14 thoughts on “Alfred the Great: Some Thoughts

  1. There’s a clue in the last 2 paragraphs. We know so much about him versus his brothers and father and those before or kings of the other Kingdoms, because he knew the value of propaganda in commissioning an official glorified history of himself. Even the Chronicles which were written in Wessex were modified later to reflect this cultivated myth of greatness, like how he travelled to Rome to be blessed and anointed King of England. He was around 4 at the time. We only know of his father’s odd will through him. He was sickly and 6th in line to the throne. The chronicles leaves out most of the strife of that period while highlighting great victories. No surprises. It’s not a history book. And so he ruled with peace throughout the land, or so we are told by the Chronicles and Asser. Alfred’s father and grandfather, King Egbert and Aethelwulf, were great kings in their own right, firmly establishing Wessex where the other kingdoms were embroiled in infighting and sucession wars. But they didn’t commission biographies to be written about themselves and their deeds. And documents from the other Kingdoms are long lost. Alfred is remembered because he ensured he was, and was great because he tells us so.


  2. Do you think Alfred fled from Chippenham and the Vikings, or was expelled by his magnates who were not satisfied by his leadership up to that date?


    • Yes. A combination of both. He remained in virtual exile for a few months, presumably to decide who was with him and who was against him. The Vikings were the common enemy and a rallying point for creating a coalition to defeat them.


    • The weather had nothing to do with it. The “Dark Ages” is a historical periodization traditionally referring to the Middle Ages. It emphasizes the demographic, cultural and economic deterioration that supposedly occurred in Western Europe following the decline of the Roman Empire, and the relative scarcity of written records from the period. The term employs traditional light-versus-darkness imagery to contrast the era’s “darkness” with earlier and later periods of “light”. The concept of a “Dark Age” originated in the 1330s with the Italian scholar Petrarch, who regarded the post-Roman centuries as “dark” compared to the light of classical antiquity. The phrase “Dark Age” itself derives from the Latin saeculum obscurum, originally applied by Caesar Baronius in 1602 to a tumultuous period in the 10th and 11th centuries.
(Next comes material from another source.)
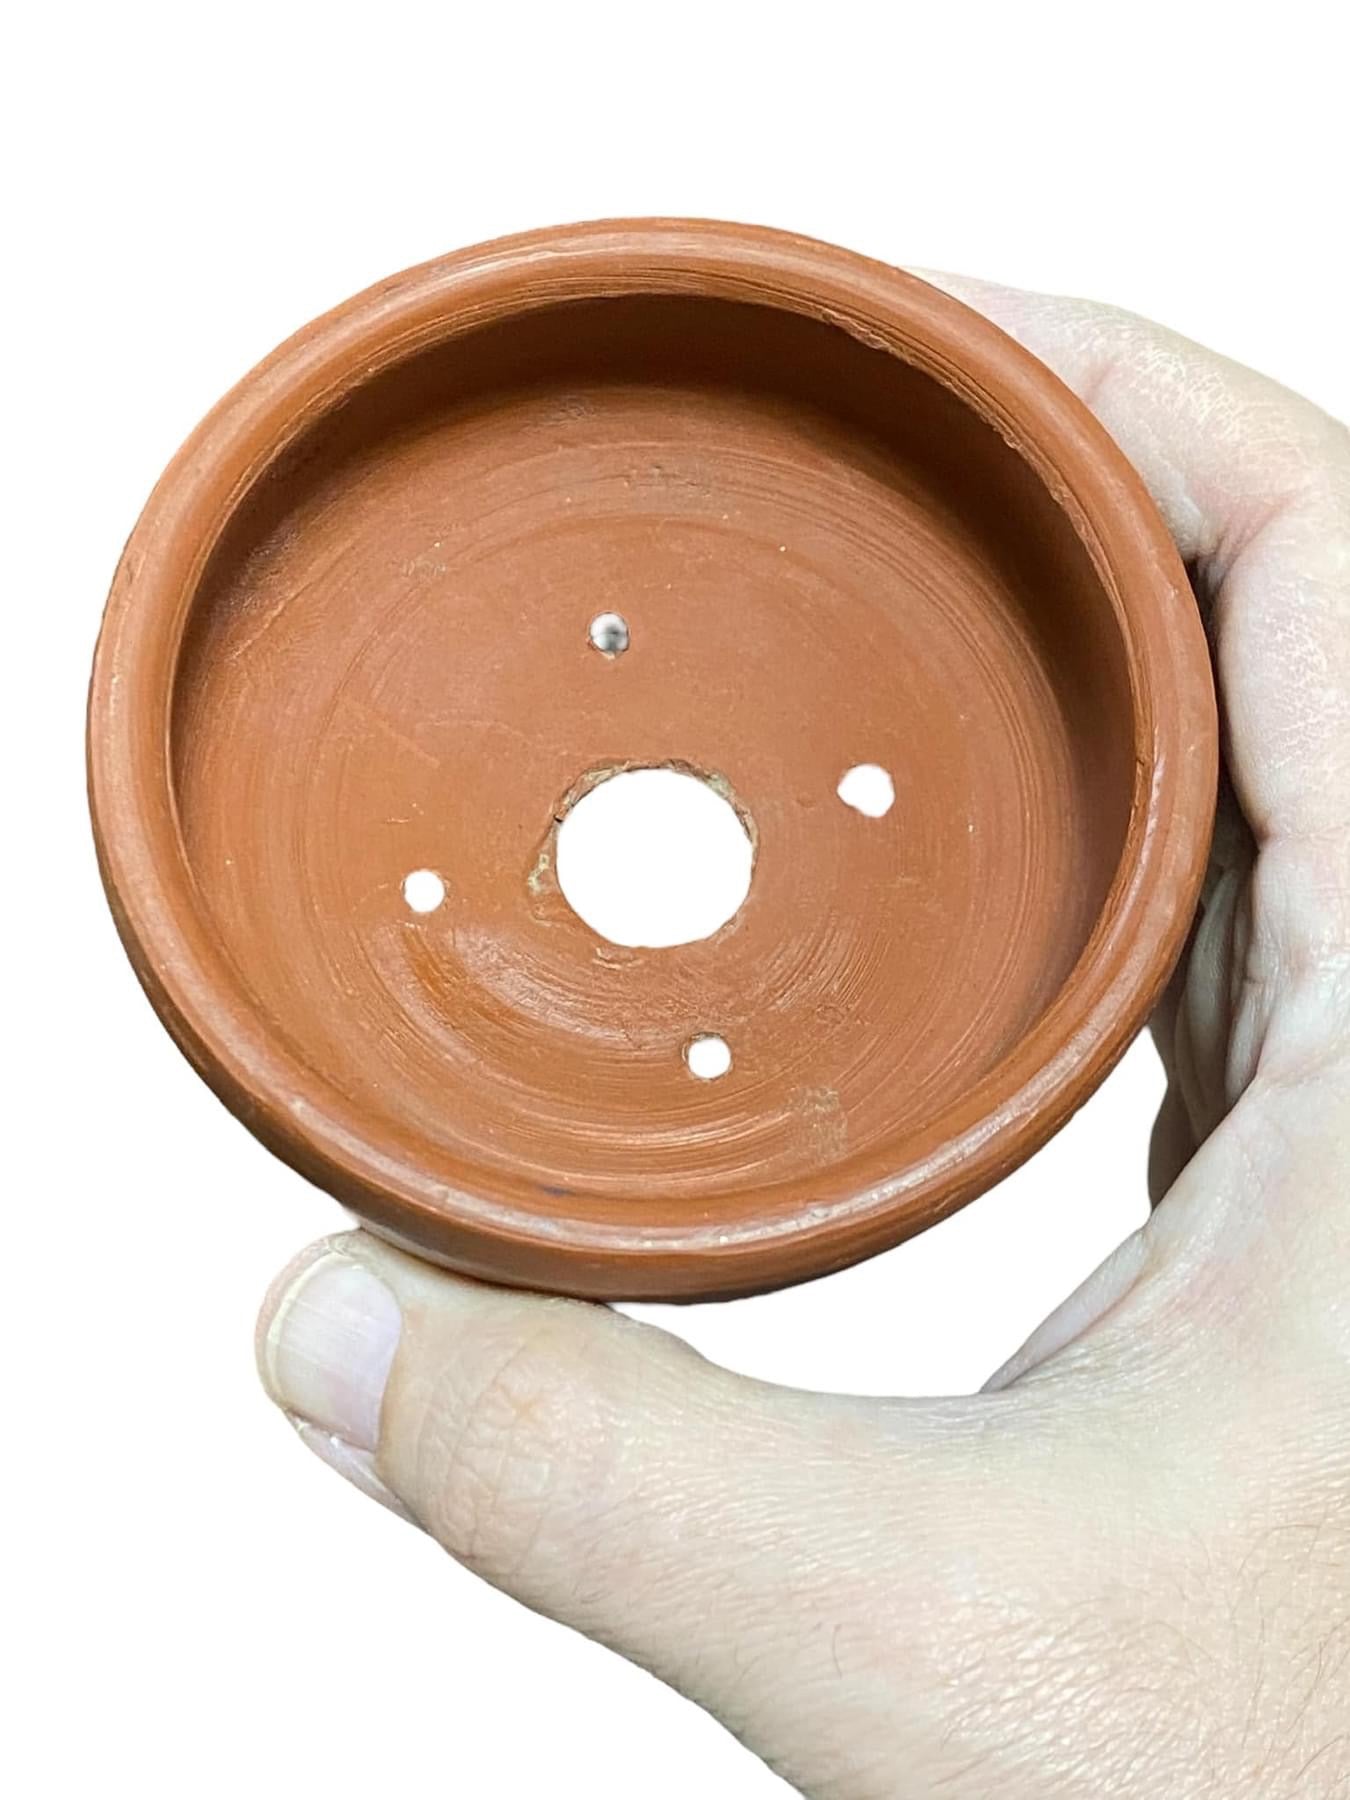 Japanese - Unlazed Round Bonsai Pot from Japan

The concept thus came to characterize the entire Middle Ages as a time of intellectual darkness between the fall of Rome and the Renaissance; this became especially popular during the 18th-century Age of Enlightenment.


      • Am I not wrong in also suggesting that ‘dark ages’ as a term, applies primarily to Western Europe? I’m no expert, but the world outside this region, particularly the Middle East and China, had significant cultural and technological advances beyond those recorded in Western Europe.


  3. Well said, Susan. I don’t know how I missed this article when it was first published! Alfred is one of my heroes, too. His comeback after Athelney is nothing short of miraculous. He is truly an inspiration!

    Liked by 1 person

  4. Super piece, yet again. Just belatedly read your Jane Seymore piece this evening, (a year or so after it was posted!) left a huge note there, but then realized you had moved address for the Sisters, Saints and Sluts blog. Anyway, hope you get the note, and either way,keep up the super work. -Arran.